-------- Data excerpts

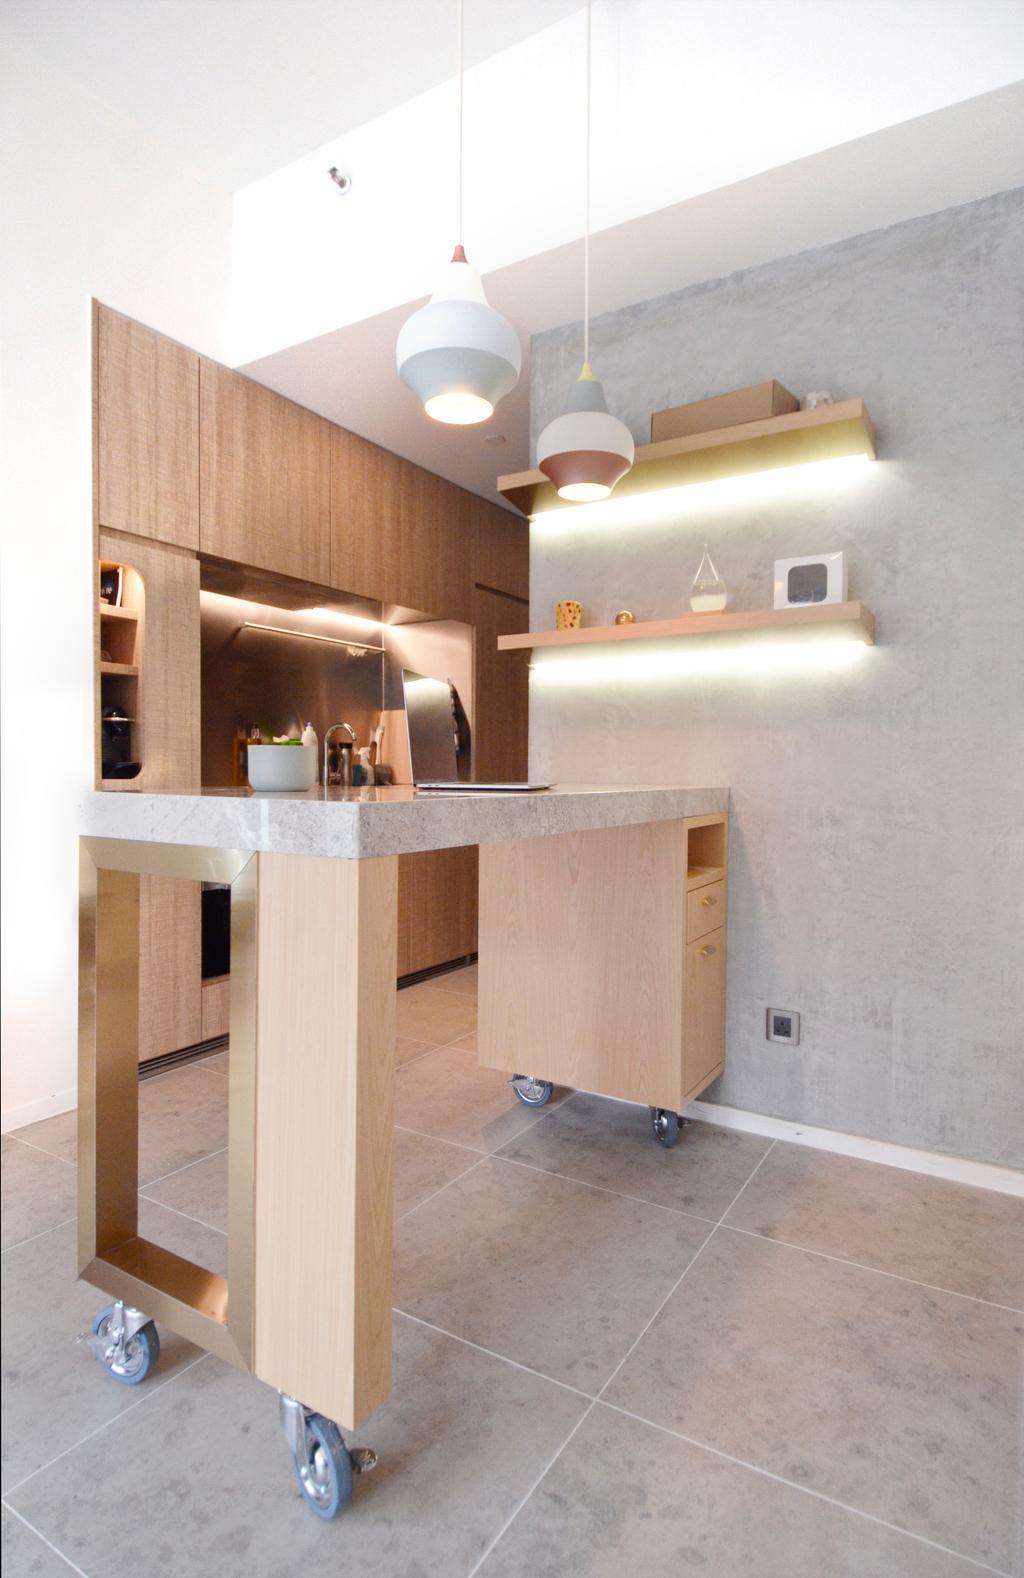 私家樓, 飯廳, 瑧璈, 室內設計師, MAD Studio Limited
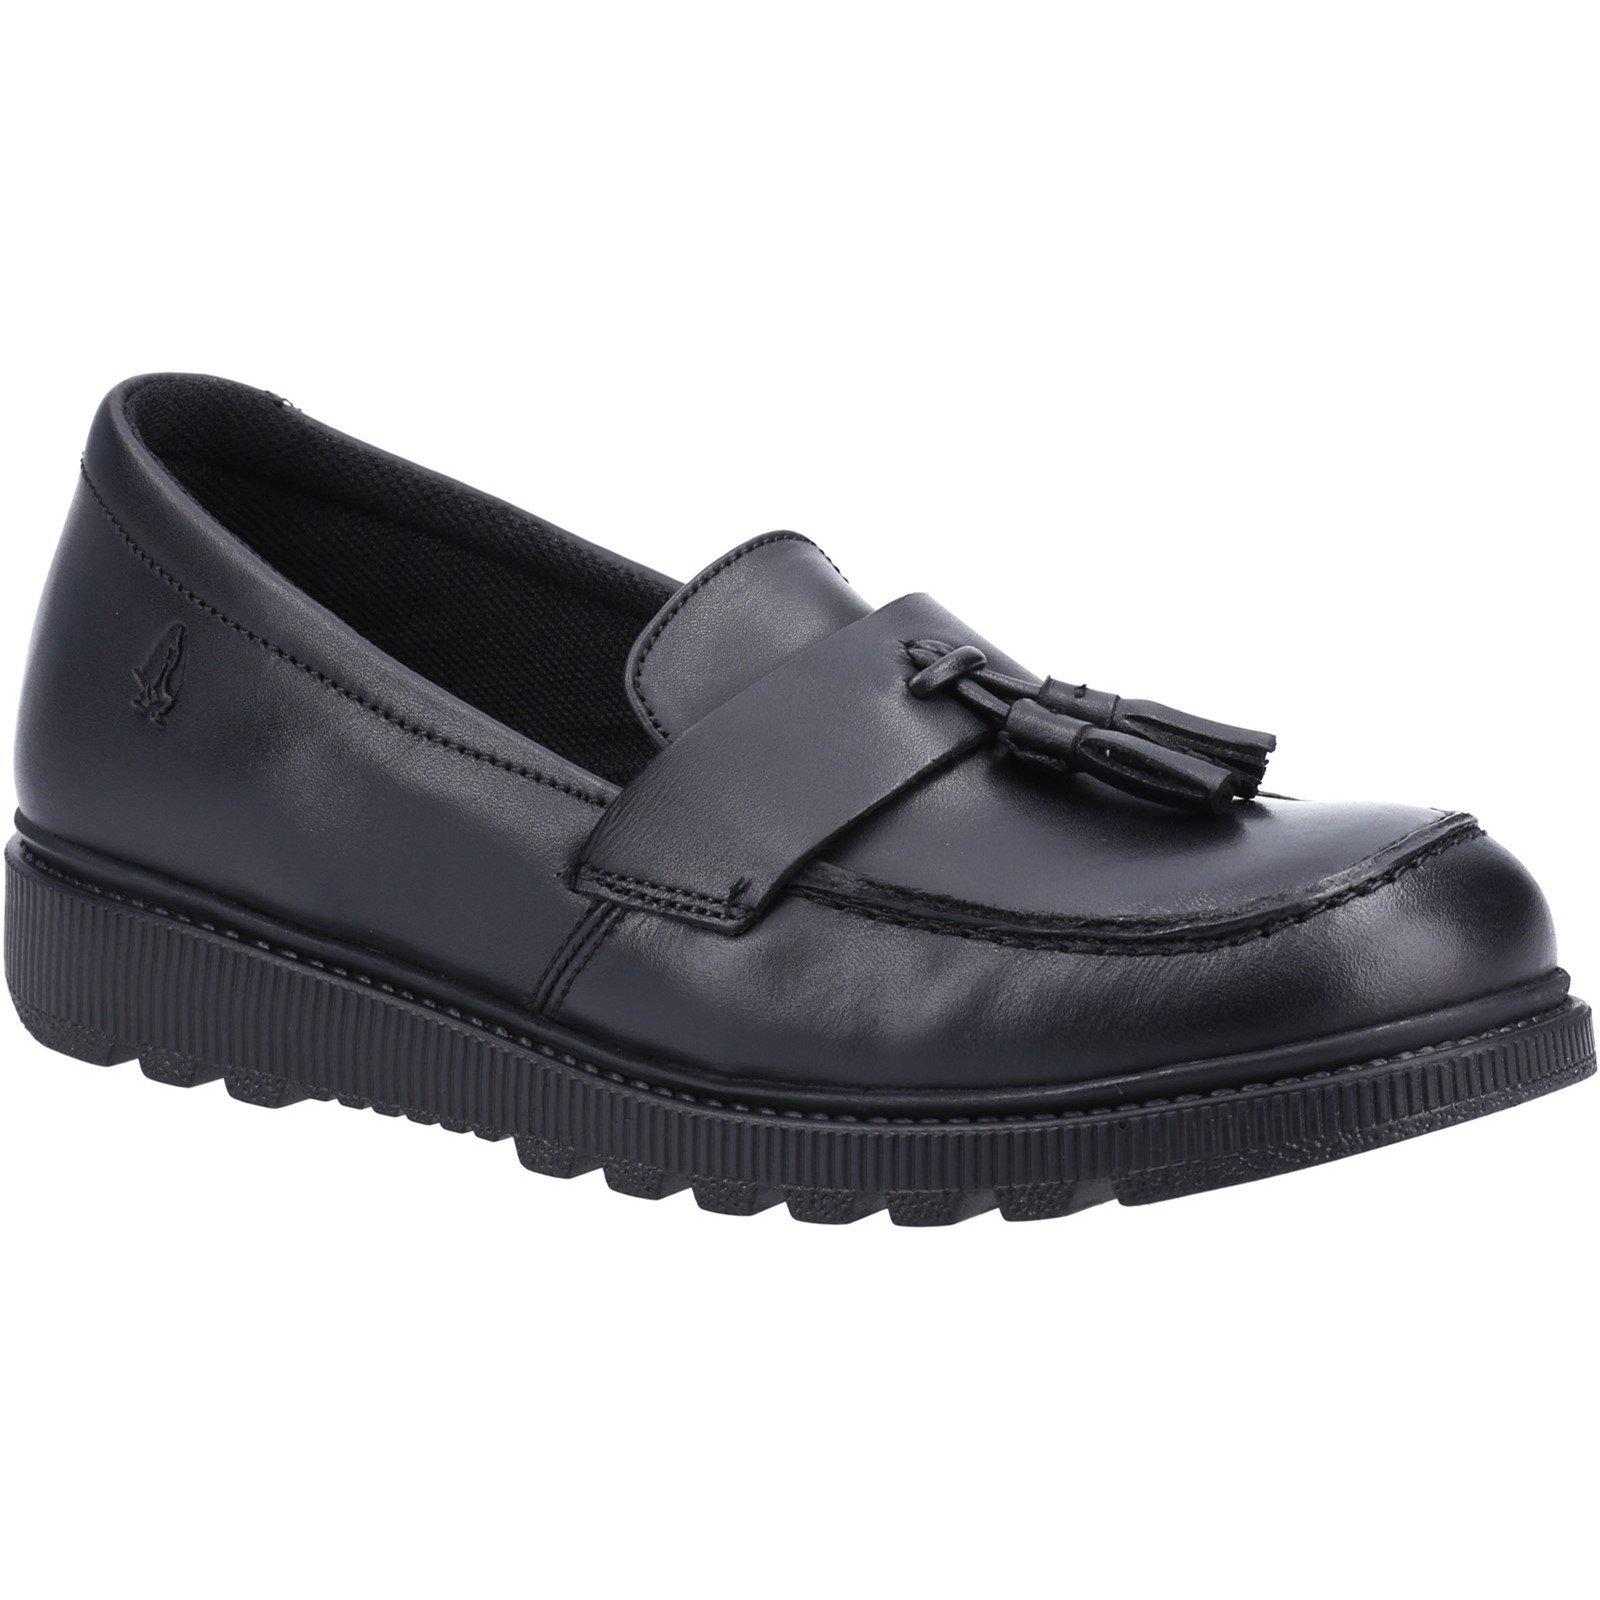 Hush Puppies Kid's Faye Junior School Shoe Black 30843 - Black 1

----------------
-------- Data excerpts

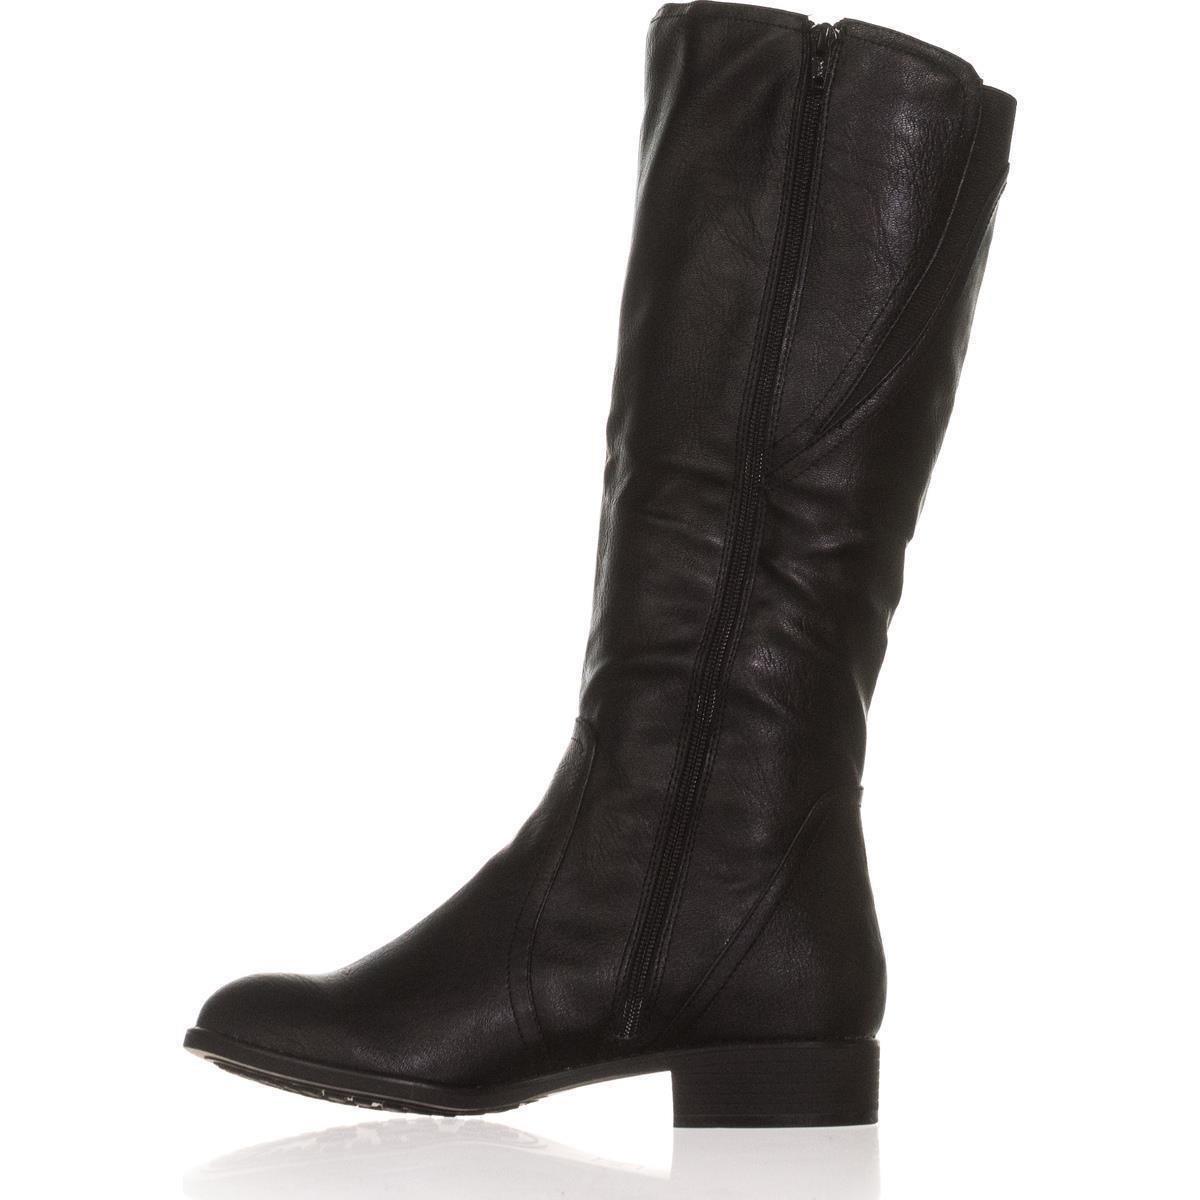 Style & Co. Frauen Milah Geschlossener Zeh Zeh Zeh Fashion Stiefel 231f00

----------------

### Exercise instructions
Using the data above, set down each line from the line with "私家樓, 飯廳, 瑧璈, 室內設計師, MAD Studio Limited" to the line with "Hush Puppies Kid's" exactly, both ends included, and leave the pictures behind. Nothing else belongs.

### Output
 私家樓, 飯廳, 瑧璈, 室內設計師, MAD Studio Limited
 Hush Puppies Kid's Faye Junior School Shoe Black 30843 - Black 1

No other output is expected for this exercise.